Raising Healthy Daughters Who Know No Woman Is an 'Angel'
I am, before and after children, a woman. I began as a tomboy, awkwardly growing into a flirtation with applying a cat eye with black liquid liner (never did do it). I discovered that regardless of how I dressed or what I aspired to, being a woman in the workplace comes with surprises (or disappointments, depending on how far you thought we’d come).
Writing about raising daughters has taken me down many paths, from railing against “Real Women” to raging against the downplaying of violence against women and sexual abuse. I’ve addressed my concerns about how weight may come to play a more starring role in their lives than is healthy.
© Amanda Magee
The most recent thing to wedge a massive divide between women was the #ImNoAngel campaign. Using beautiful photography and gorgeous women, Lane Bryant mounted a campaign to offer a counterpoint to the Victoria’s Secret Angels and to “redefine sexy.”
I get it. I’ve been in the mall and had to pass window displays with perfectly airbrushed images of women who shimmer with everything most of us are not; most of them wouldn’t, either, without the assistance of a graphic designer. I’ve felt less than as the buildup to the Sports Illustrated Swimsuit issue reached a fever pitch.
I just don’t think that the solution is to take “sexy” away from anyone. Shouldn’t we be trying to give it to all of us? Or maybe even try saying that life isn’t all about being sexy, that feeling sexy is just one small part of being alive? What makes us feel sexy is going to evolve over time, after all.
The #ImNoAngel hashtag—which, by the way, as a person in the advertising industry, makes me nod my head and think, “Well played”—is not a solution either. As a woman and as a mother, it makes me feel like, Here we go again, let’s start another fight about who is better.
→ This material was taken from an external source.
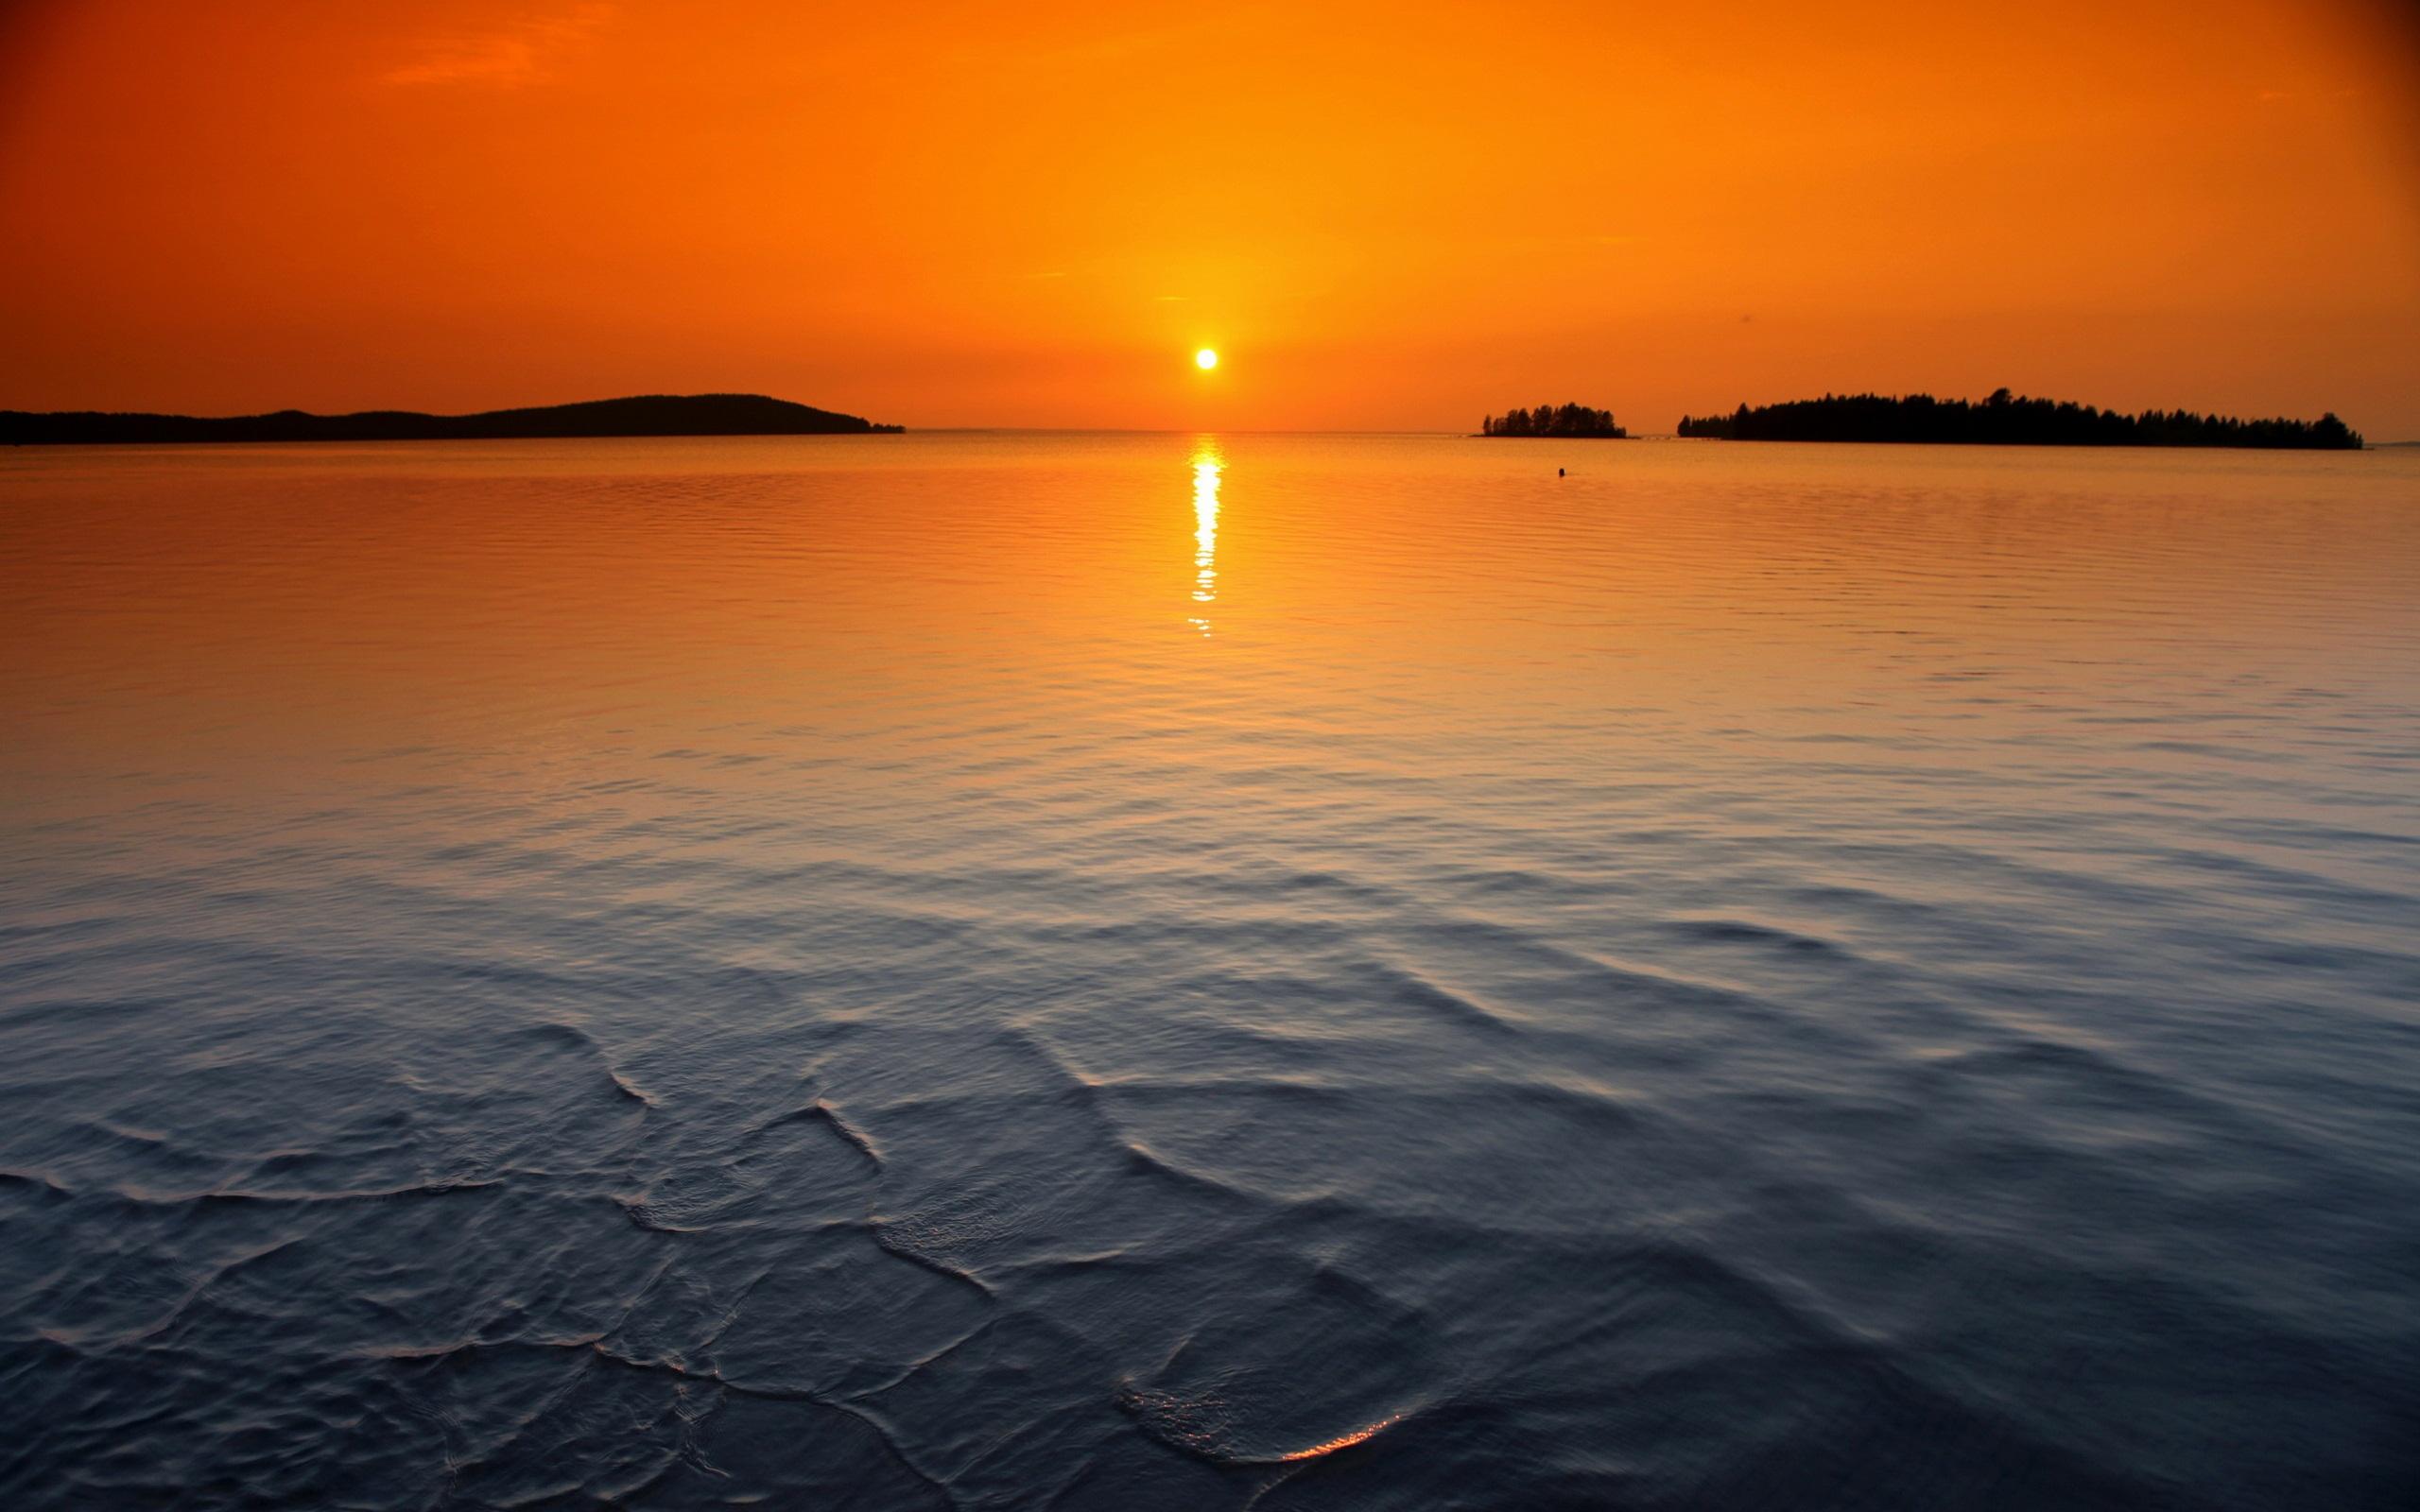 40+ Ocean Sunsets Wallpaper on WallpaperSafari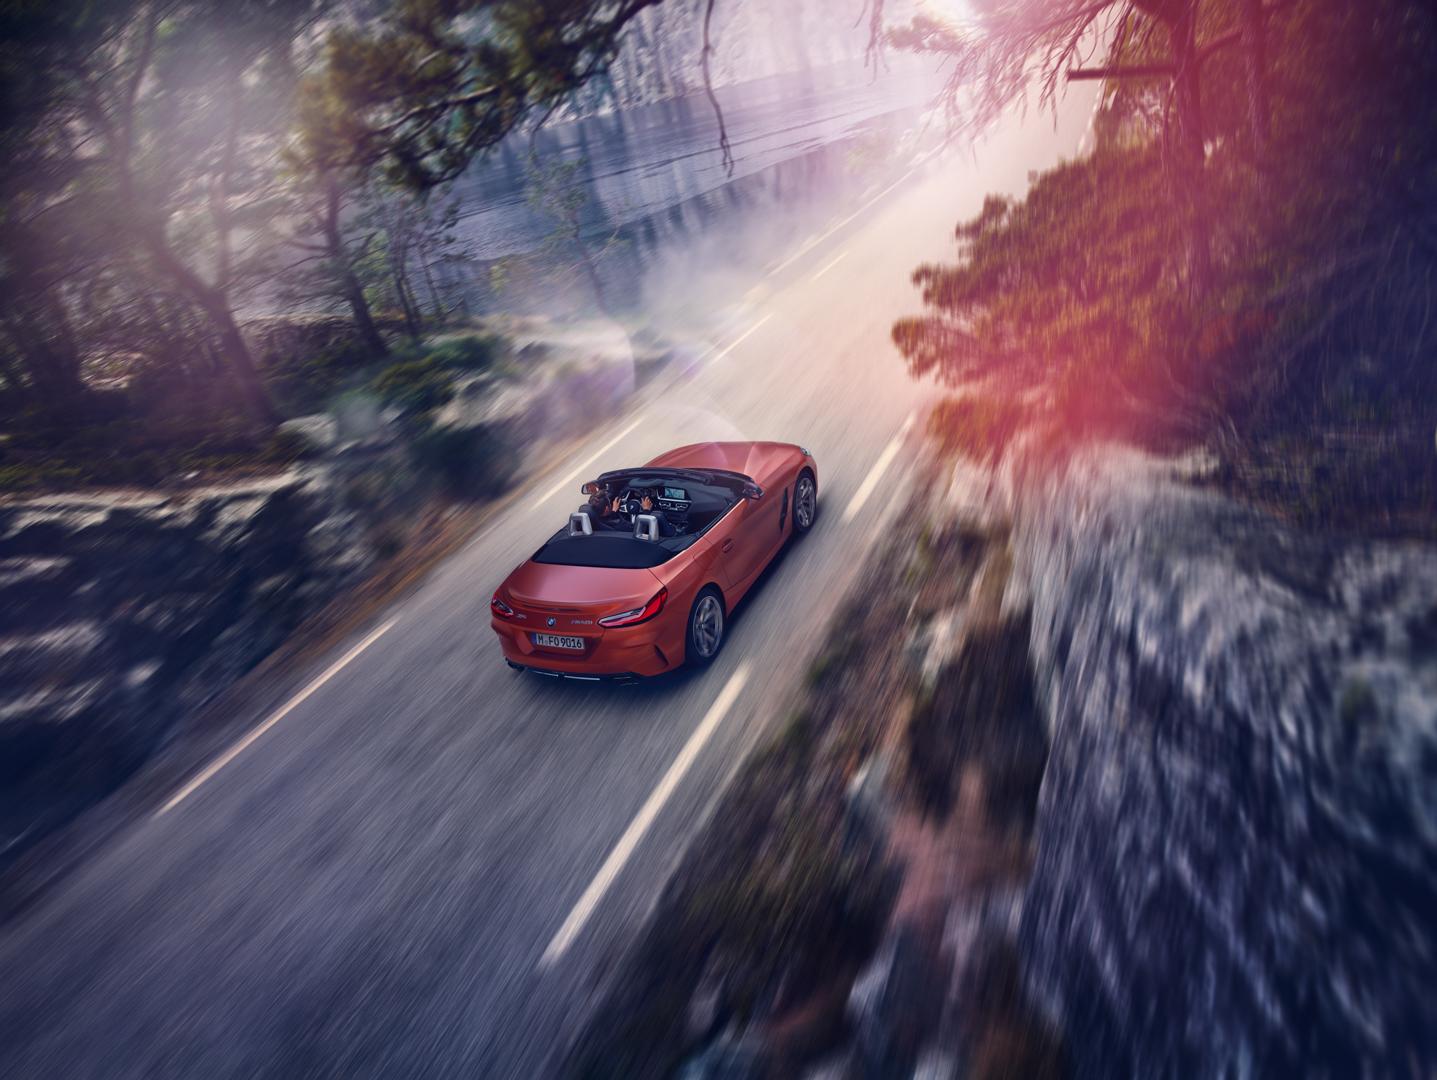 BMW Z4 leaked 5 of 7

The either/or and good/bad positioning of the campaign perpetuates a one-upmanship of womanliness or authenticity. I am one of the people who has lived between angel and not: never quite plus size, but never, ever busty and slim. I do love the flutter of feeling desirable, but the more solid foundation (heh, bra humor) is feeling powerfully multi-dimensional.
I am smart.
Curvy and sinewy.
Rough and delicate.
© Amanda Magee
The reality of the culture we live in is that sex or scandal sells. Since someone decided at some point that we’d villainize women over a size 10, Lane Bryant had to take a somewhat racy attack position to get a foothold in the media. I do understand that, but I want to feel good about standing behind them. In some ways, it feels like they are putting all of us in a fight we never started.
My hope is that we can use our voices and our spending habits to work toward a time when we all have people we see in the media or in catalogs that represent us.
I want each of my three daughters, who are shaped in wildly different ways and drawn to different things, to feel seen and heard. I don’t want them pitted against one another for being more appealing or more feminine than the other. I hope there may be clothes that are crafted for the broad shoulders and long torso of my middlest, petite patterns with edge for my free-spirited firstborn, and a gnarly mix of black and textural fabrics that can handle my youngest’s athletic ways. I yearn for options other than pink, but just as important as options is the acknowledgement that shape and style don’t make us better or worse than other women.
Not a single one of us is an angel. We are women, and we are fantastic.